Solok Sediakan BMT Bagi Jamaah Butuhkan Dana

id kabag kesra solok

Kabag Kesra Kota Solok, Happy Dharmawan saat menjelaskan Baitul Maal Wat Tamwil (BMT) adalah sejenis koperasi simpan pinjam bagi para jamaah. ( Antara Sumbar/Tri Asmaini)

Solok, (Antaranews Sumbar) - Pemerintah Kota (Pemkot) Solok melalui sejumlah Masjid menyediakan Baitul Maal Wat Tamwil (BMT) atau sejenis koperasi simpan Pinjam bagi para jamaah masjid yang ingin meminjam sejumlah uang bagi pengembangan usaha dan kebutuhan lainnya, tanpa dikenakan bunga saat pengembalian peminjamannya .

Kepala Bagian Kesejatreraan Rakyat (Kabag Kesra) Kota Solok, Heppy Dharmawan, di Solok, Sabtu mengatakan, Baitul Maal Wat Tamwil (BMT) adalah sejenis koperasi simpan pinjam bagi para jamaah yang membutuhkan sejumlah dana yang diberlakukan saat masuk jam shalat dan begitu juga pada saat pengembaliannya.
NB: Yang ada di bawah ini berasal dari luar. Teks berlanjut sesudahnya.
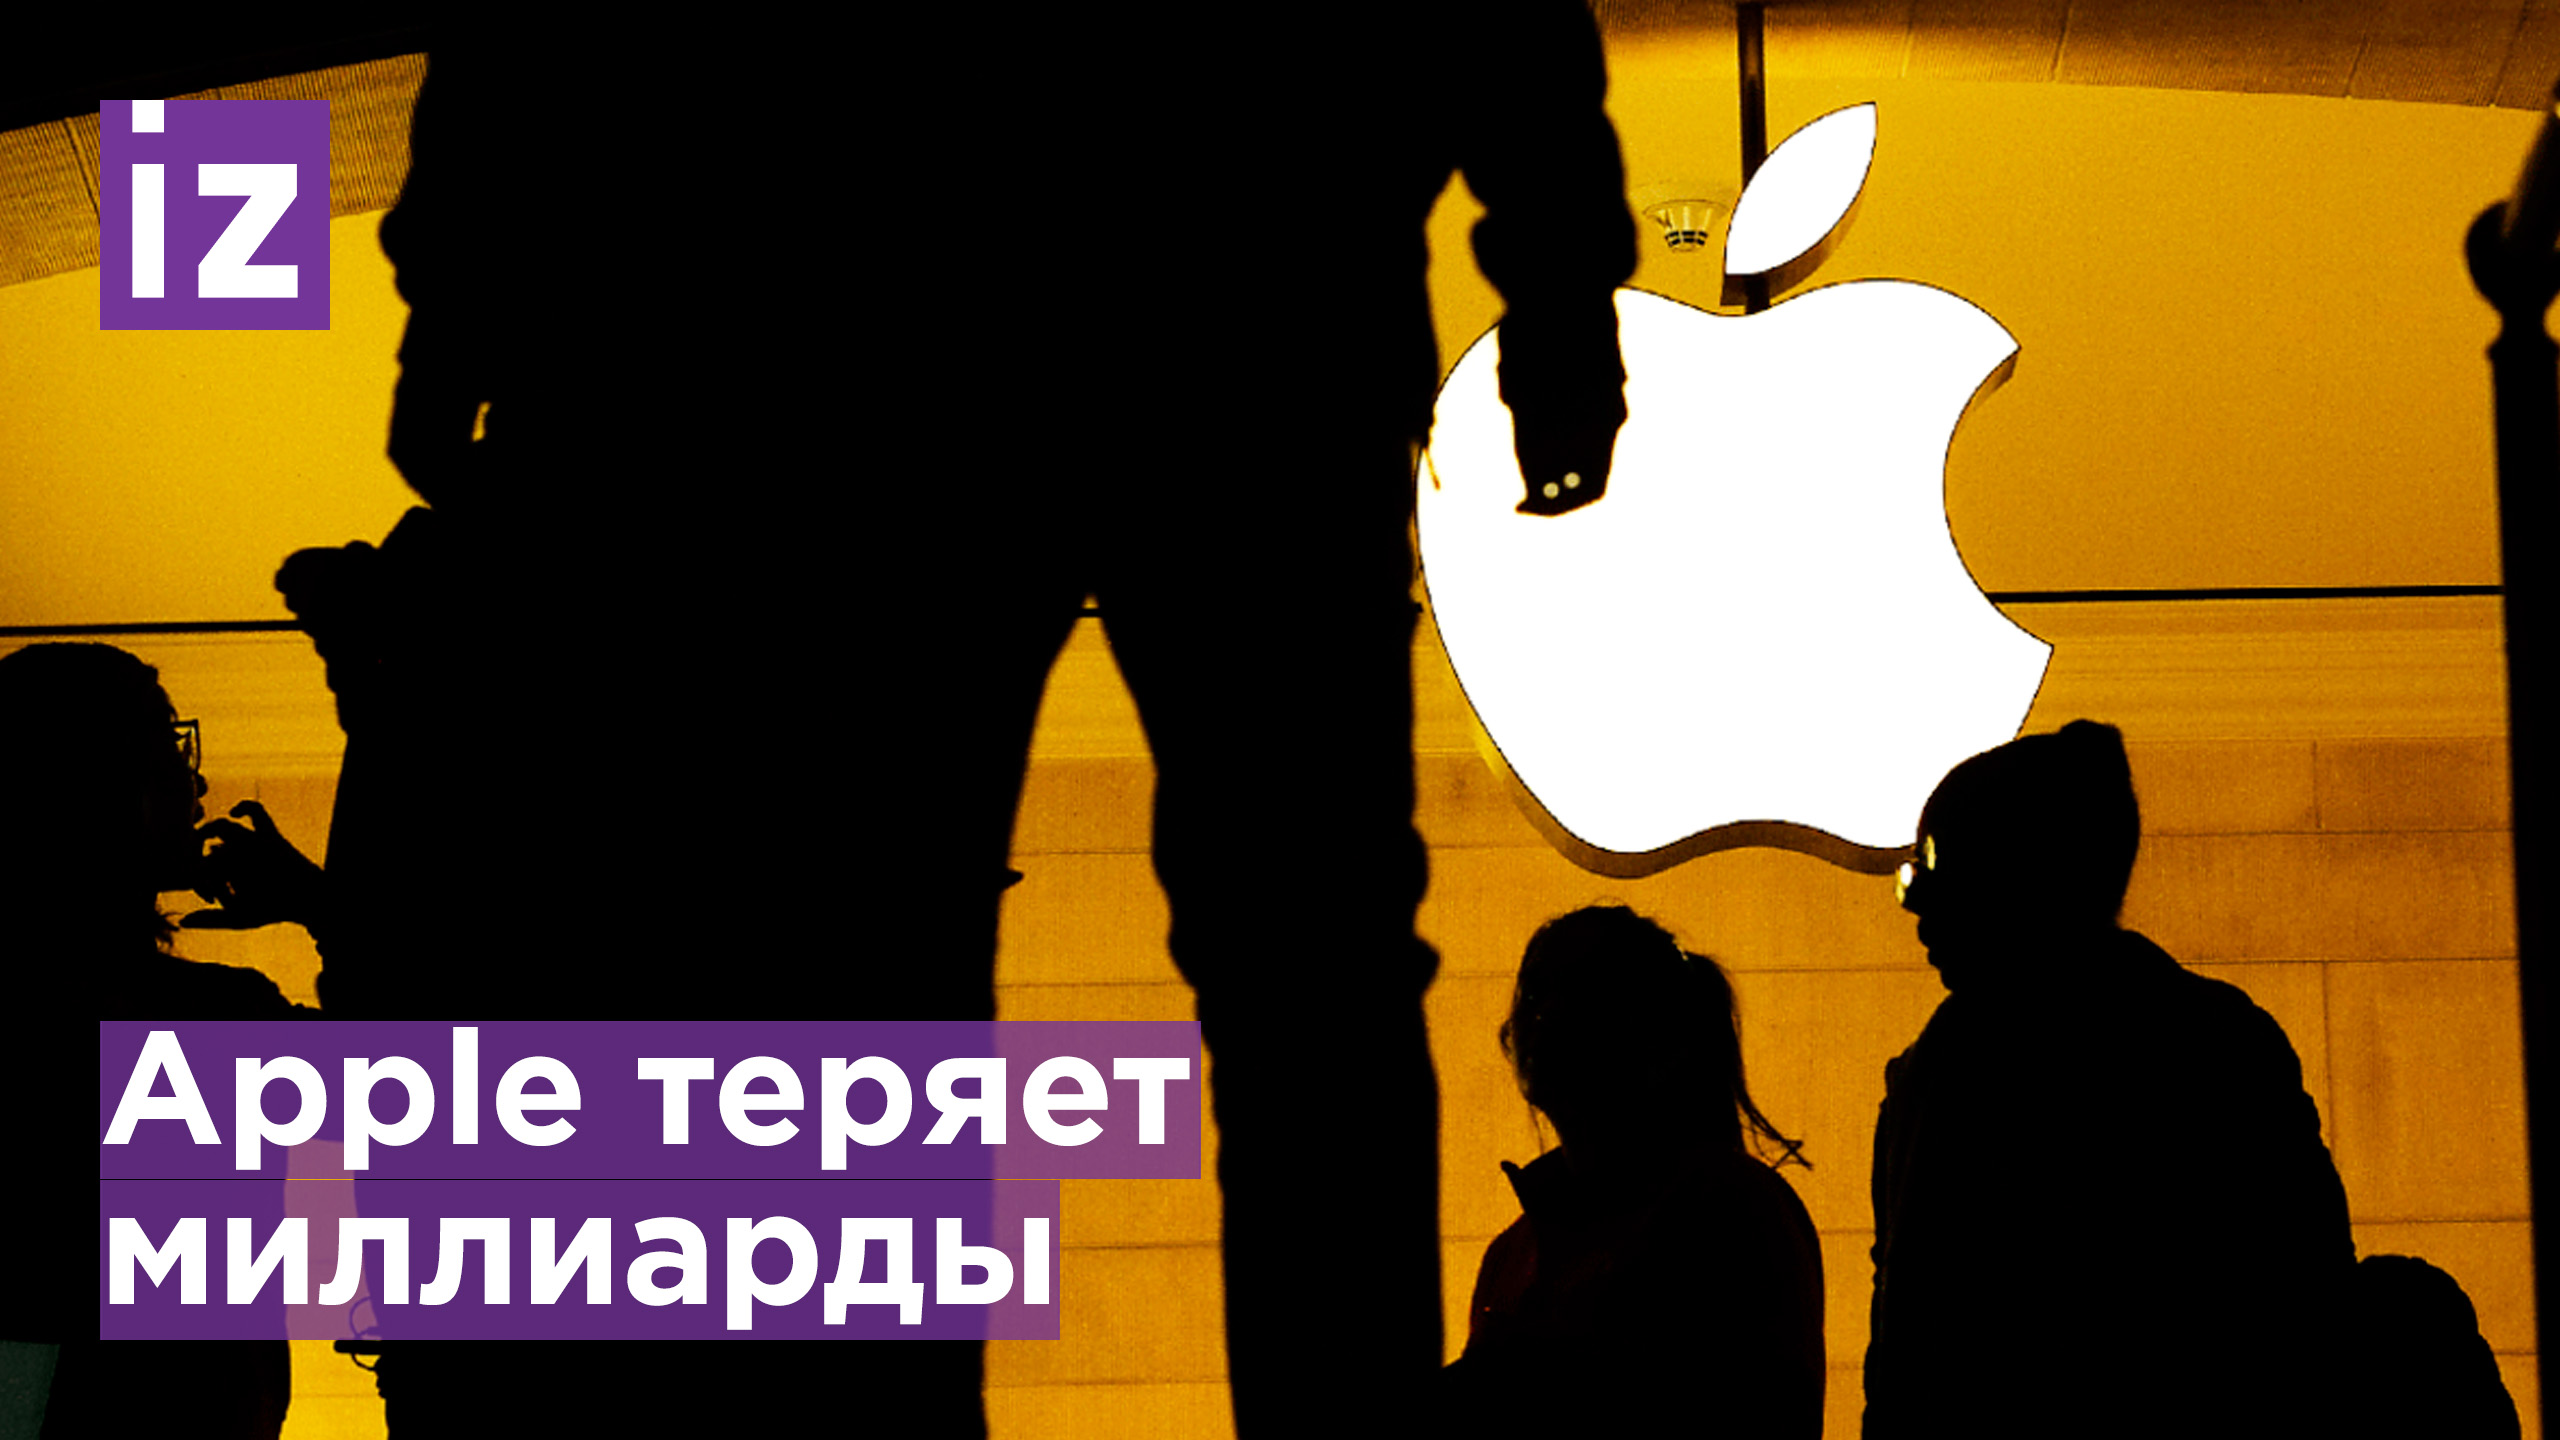 Apple ограничивает поставки из-за дефицита кремния / Известия

"BMT ini telah berlangsung sejak 2003 yang digagas oleh Wali Kota Solok, Zul Elfian, dan masjid yang dahulu memperlakukan BMT itu adalah masjid Almanar Sawah sianik, dan masjid Nurul Iman Tanah Garam,"ujarnya.

Ia menjelaskan proses peminjaman uang ini tergantung kebijakan masing-masing masjid, ada yang memberlakukan peminjaman ini bagi jamaah yang rutin melakukan shalat berjamaah atau sendiri di masjid tersebut, dengan harapan nantinya jamaah tersebut bisa langsung bisa menyicil sedikit demi sedikit uang yang dipinjamnya.
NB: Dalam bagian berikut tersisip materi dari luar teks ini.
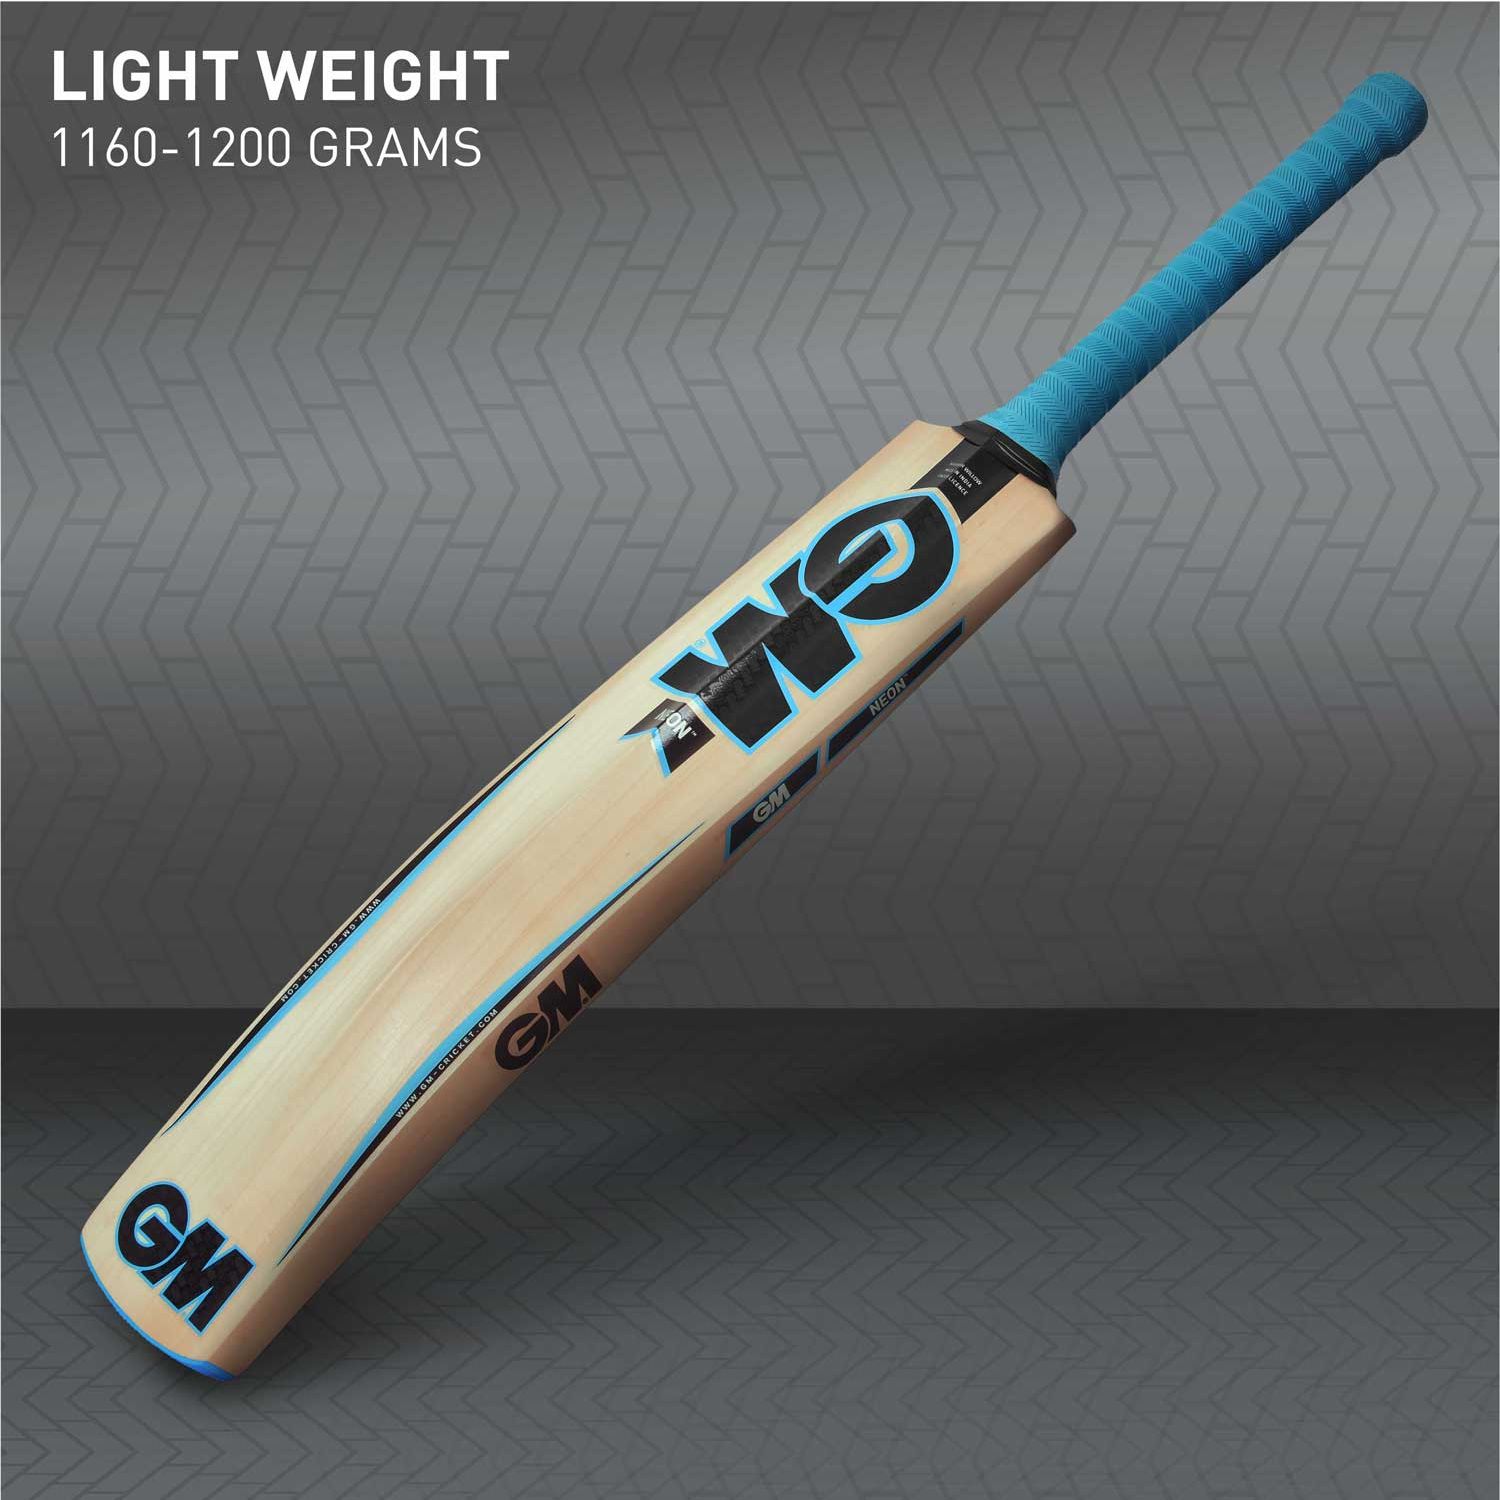 Neon Select Kashmir Willow Cricket Bat

Jumlah nominal peminjaman BMT ini beragam ada yang dari Rp200 ribu, Rp500 ribu, hingga maksimal Rp5 juta.

Tujuan utama Pemko mengadakan program BMT ini adalah untuk menjauhkan warga Solok, dari sistem peminjaman uang melalui rentenir.
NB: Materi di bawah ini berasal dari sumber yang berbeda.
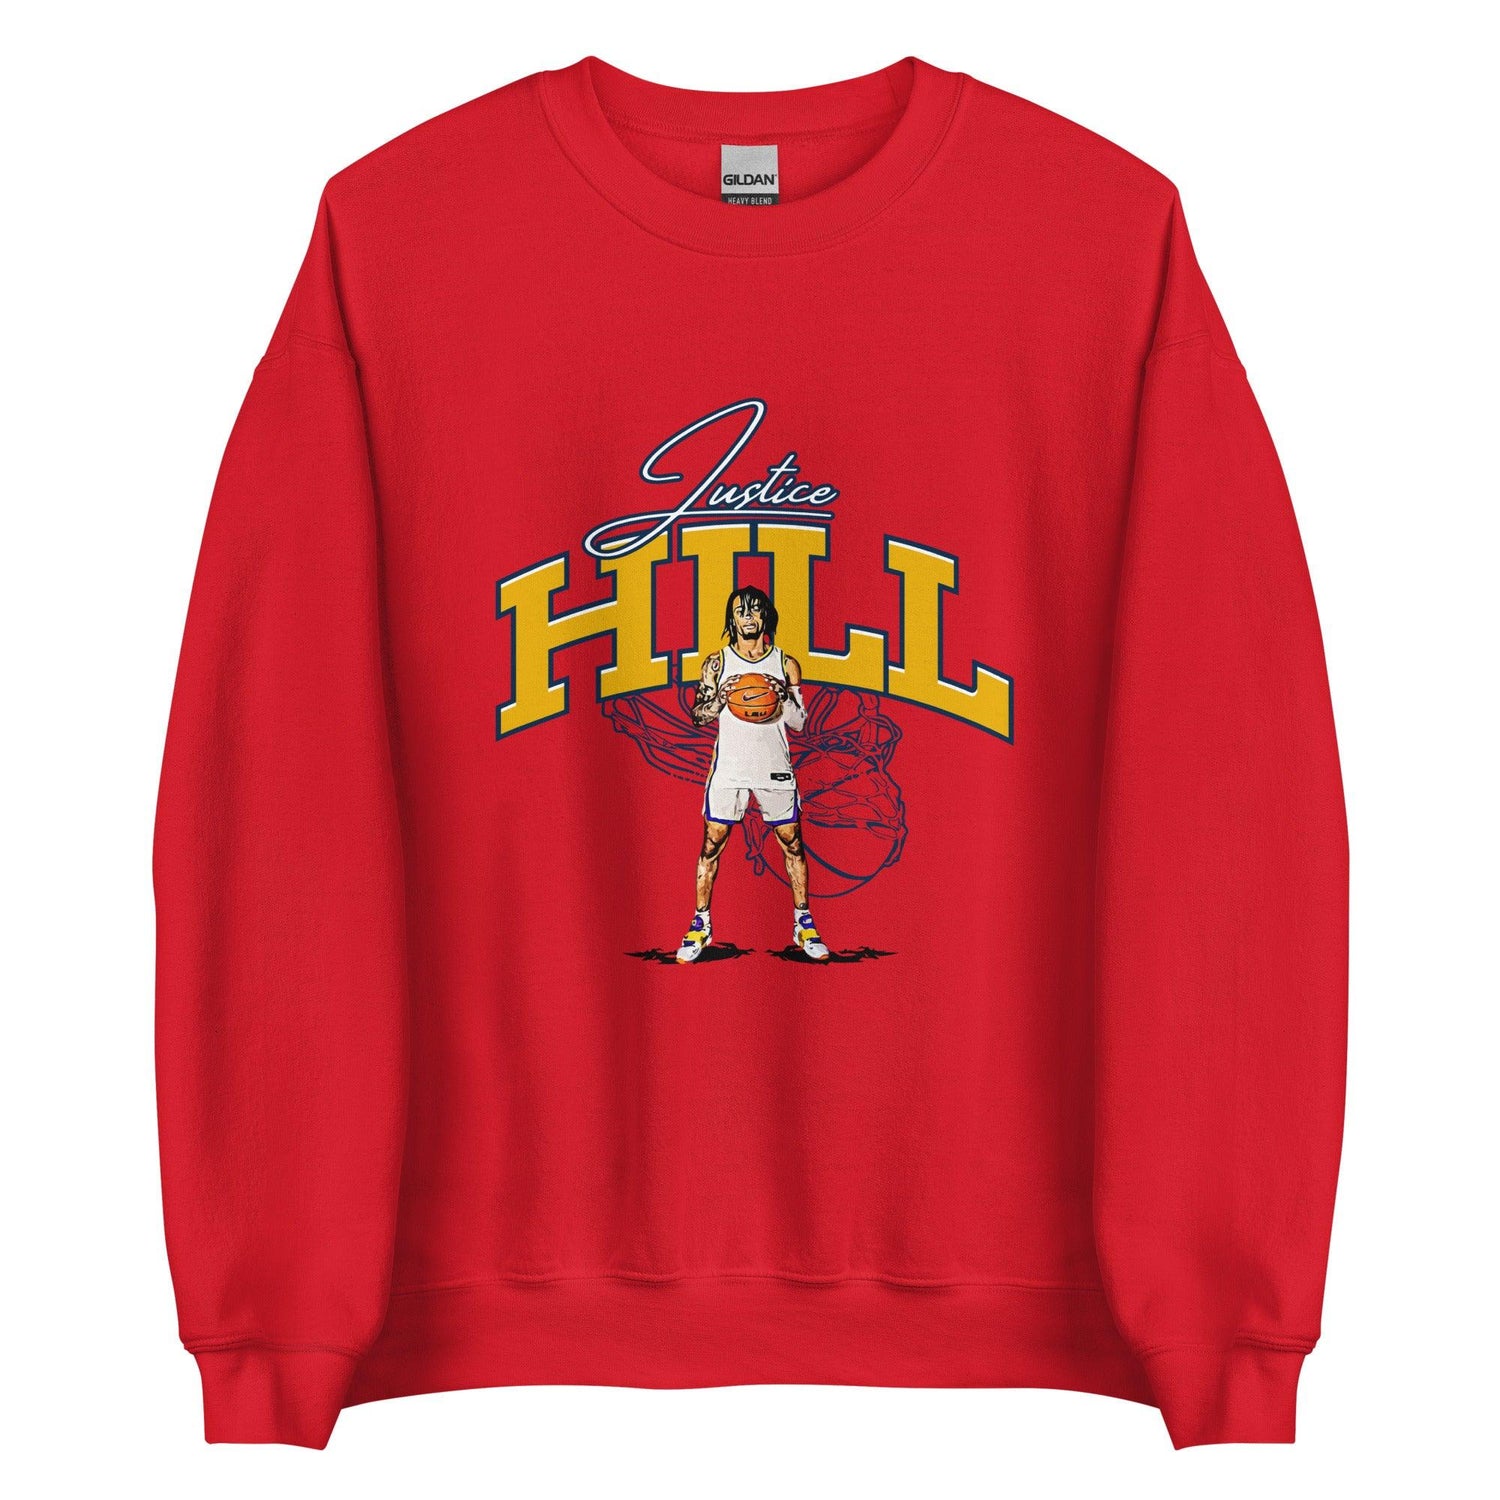 Justice Hill "Gameday" Sweatshirt - Fan Arch

"Karena mengingat peminjaman uang melalui rentenir menurut agama kan hukum nya haram, karena sistem peminjaman yang memperlakukan sistem bunga yang tidak sesuai dengan syariat islam, misalnya meminjam uang Rp200 ribu, dikembalikan Rp300 ribu," katanya.

Dan beruntunglah bagi jamaah yang meminjam uang melalui BMT ini, karena tidak dikenakan bunga pinjaman sedikitpun.

"Pengembalian uangnya juga bisa dicicil sesuai dengan akad pinjamnya, dengan nominal yang telah ditentukan saat pengembalian uang setiap harinya atau perminggunya," ucapnya.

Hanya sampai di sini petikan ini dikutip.